Carolina Hall is one example of this. On the first floor, stretched from door to door are strings of shiny blue, red and gold tinsel. Tiny red stockings with the name of the occupant hang on the door of each room. One pair of roommates even completely covered their door with Christmas wrapping paper. And on the second floor, a door is made to look like a present, topped off with a large bow.  

This level of dedication to the holiday is not uncommon, though most people stick with the more mundane miniature Christmas tree to embellish their dorm room. This small token is a reminder of the big tree that awaits the eager students at home. 

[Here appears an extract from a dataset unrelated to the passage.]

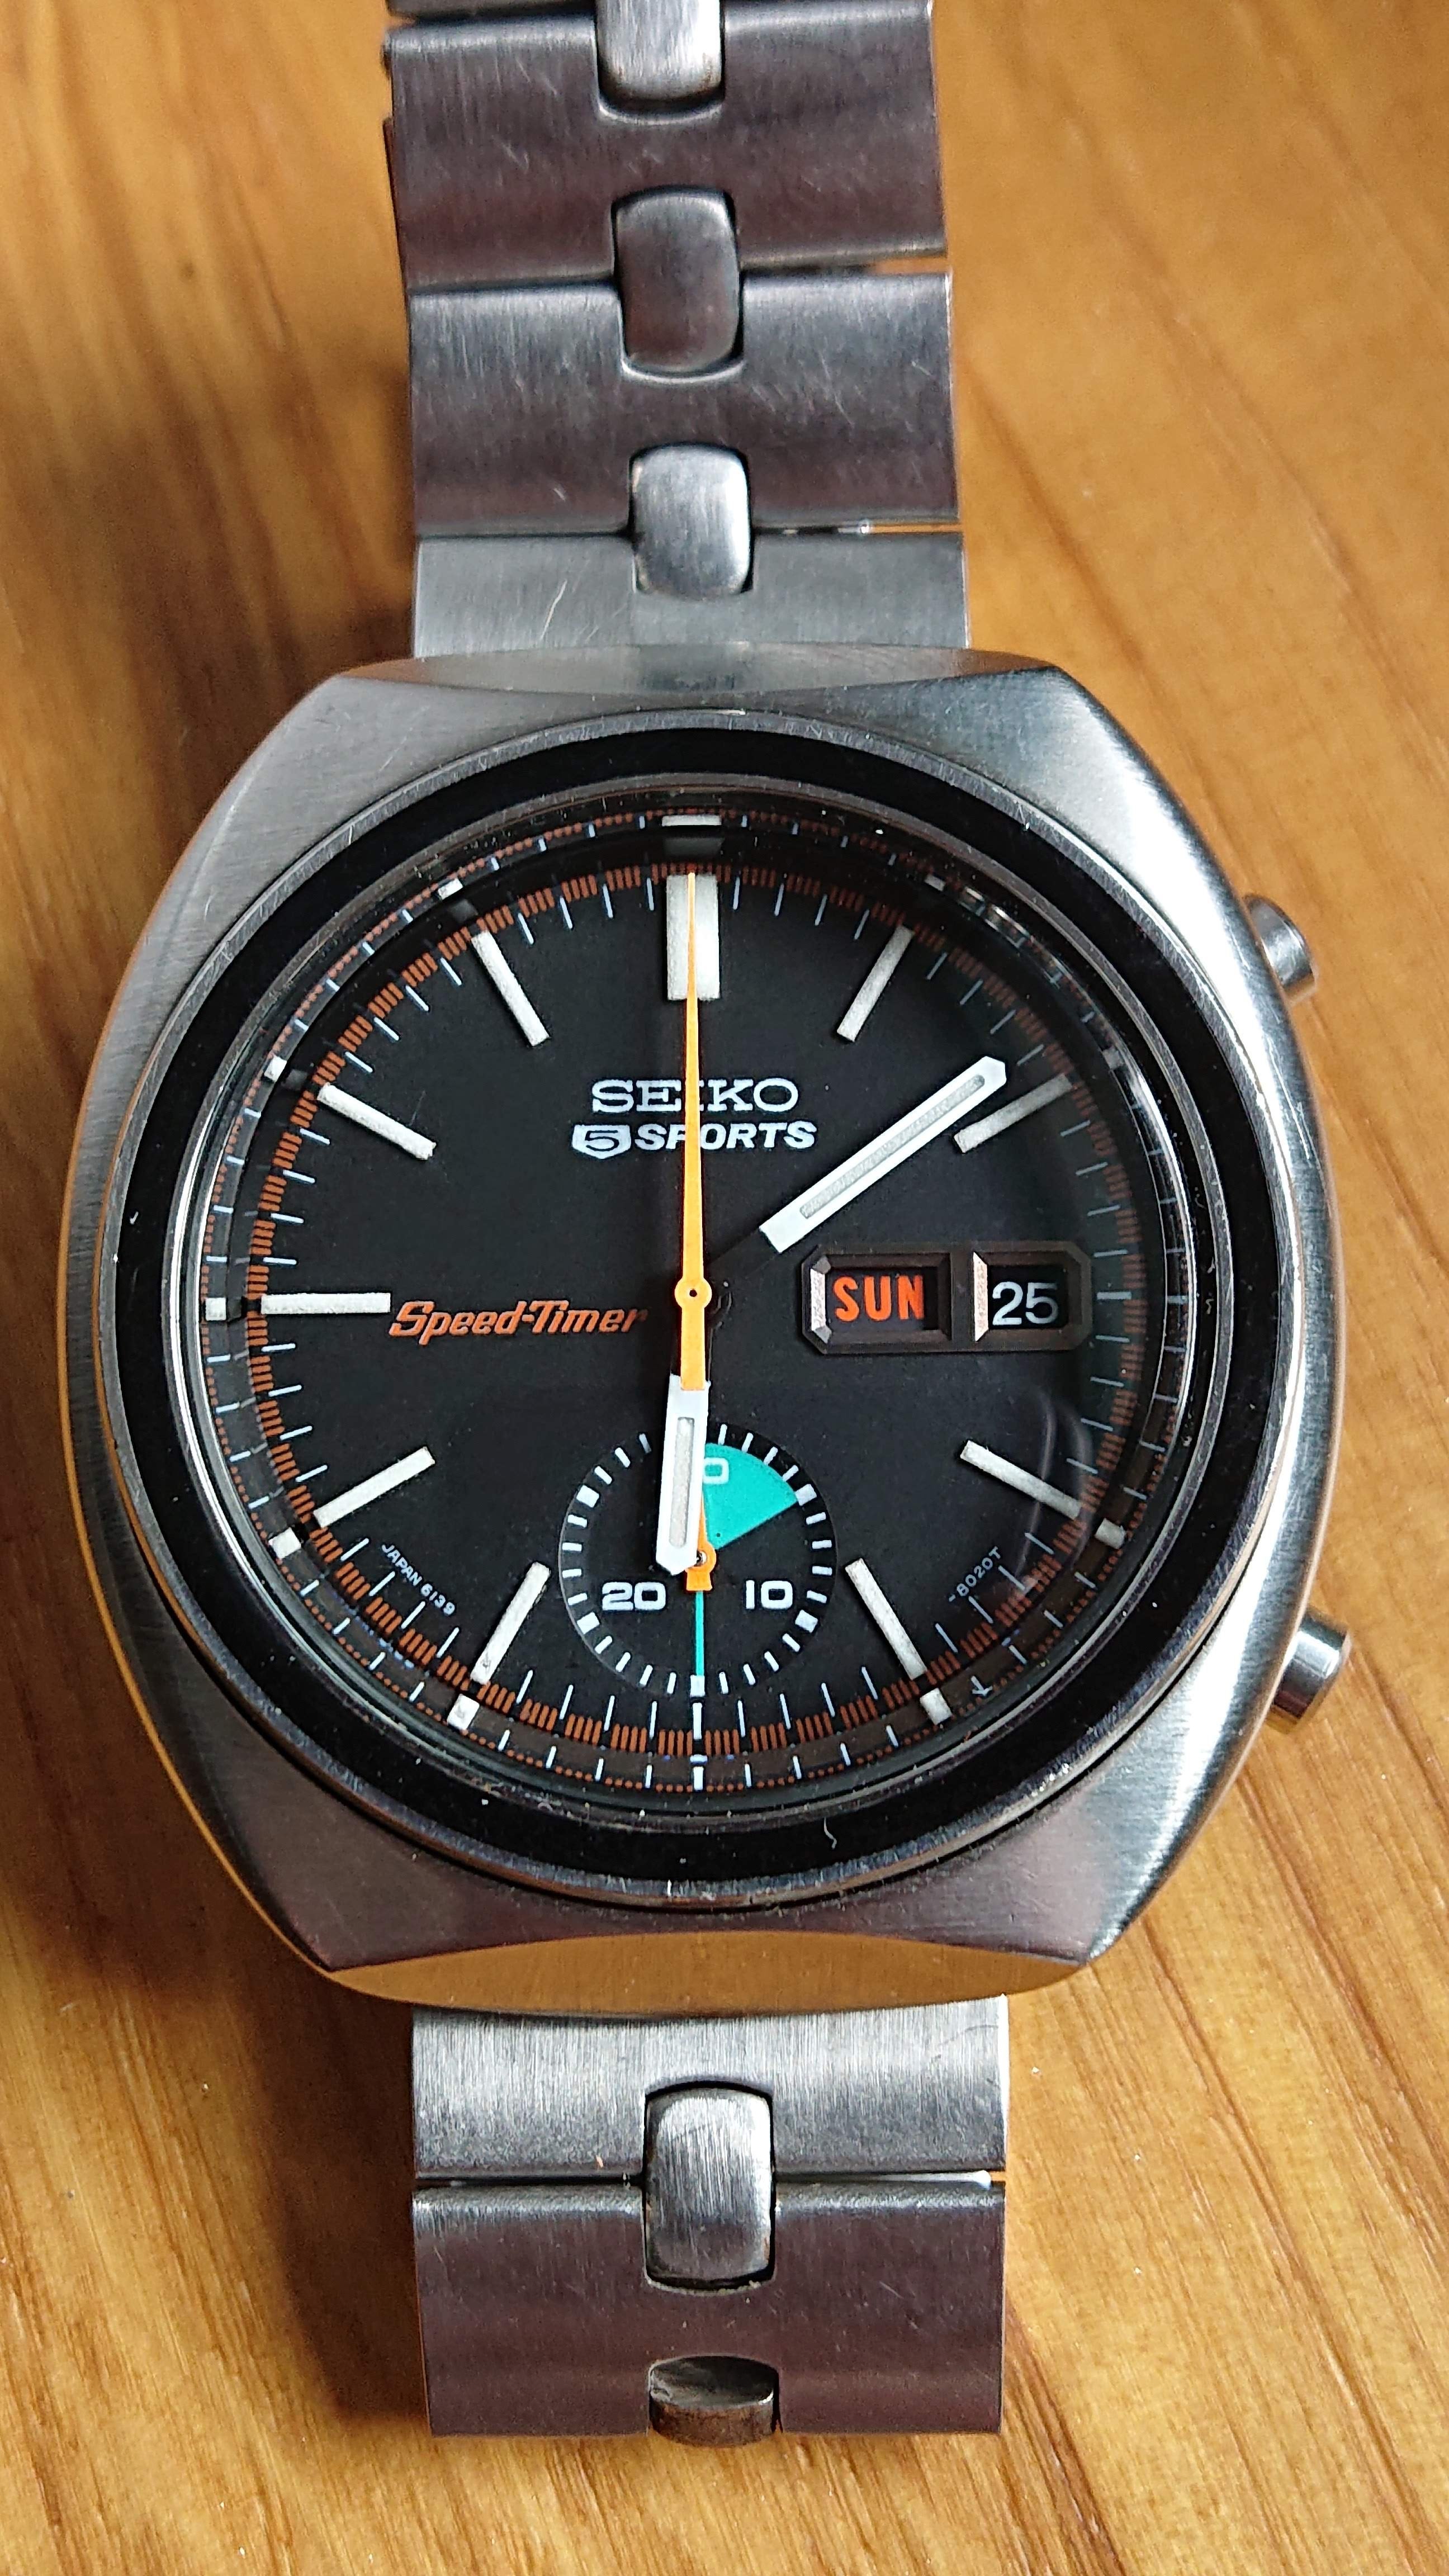 For Sale - Seiko 6139-8002 Chronograph, 650 EUR | The Watch Site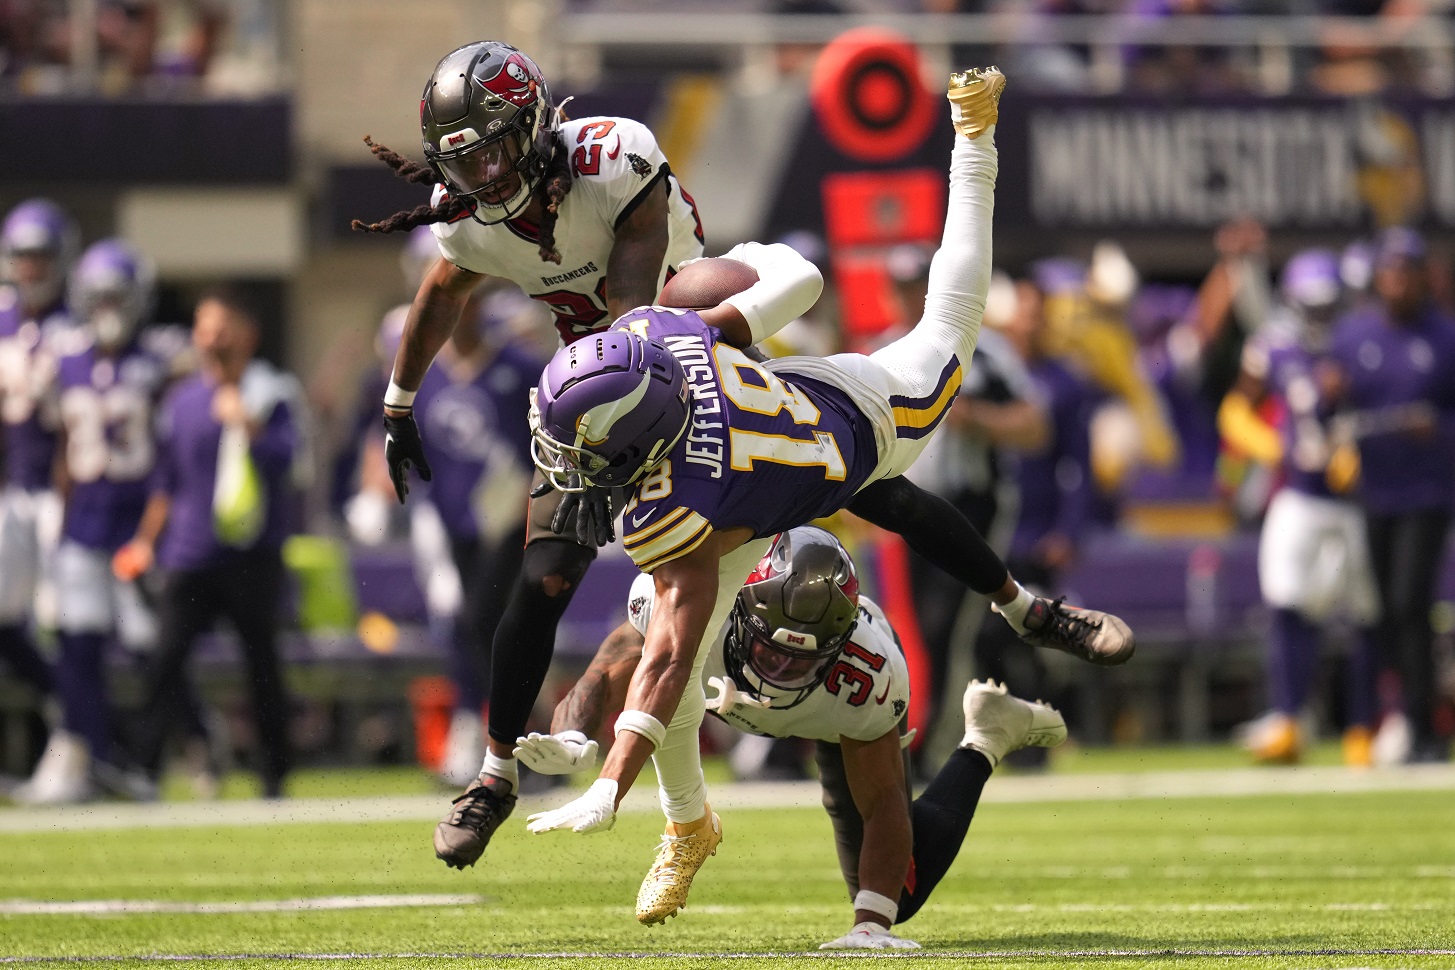 Buccaneers edge Vikings, as Baker Mayfield finishes strong

Aside from being a tribute to the traditions at home, decorating for Christmas is a way for friends to bond. “All of my friends decorated for Christmas,” Iskra said. “My mom and I thought it would be cute to get all of my friends mini Christmas trees and ornaments as presents. We all got together the week before Thanksgiving break and decorated them together.”

While this perhaps premature Christmas cheer is a source of anticipation and excitement for most, to one pair of roommates living in Global, whether to decorate early for Christmas was a source of contention. Elon freshman Catherine Dickey believes it’s not appropriate to start celebrating Christmas until after Dec. 1. 

“Because Christmas is already so commercialized, I think that Thanksgiving deserves a full season as it’s about being thankful for what you have,” Dickey said. “People don’t celebrate Thanksgiving to the extent that they do Christmas, but I like being thankful better than I like gifts. That’s just me.”

For her roommate, Caroline Moore, Christmas is a more significant holiday.

“I like Thanksgiving and don’t have anything against it. But we have so many Christmas traditions and memories because that holiday is the one where both my mom and dad’s side are all in Greensboro and it’s just so much family time, [which] is so special to me,” Moore said. “That’s why I love decorating and listening to Christmas music as early as possible because it reminds me of how much I love [the holiday].” 

So Moore, and even Dickey, the self-proclaimed “Thanksgiving Enthusiast,” will be decorating their dorm room this year for Christmas, though of course not a moment sooner than Dec. 1. 

“I think we might put some snowflakes and other wintery stuff up, and we might get a small tree and put some cute little ornaments on it,” Dickey said.

For students looking to spice up their living space, some common places to shop for Christmas trinkets and trimmings include Target, Michaels, Homegoods and Amazon.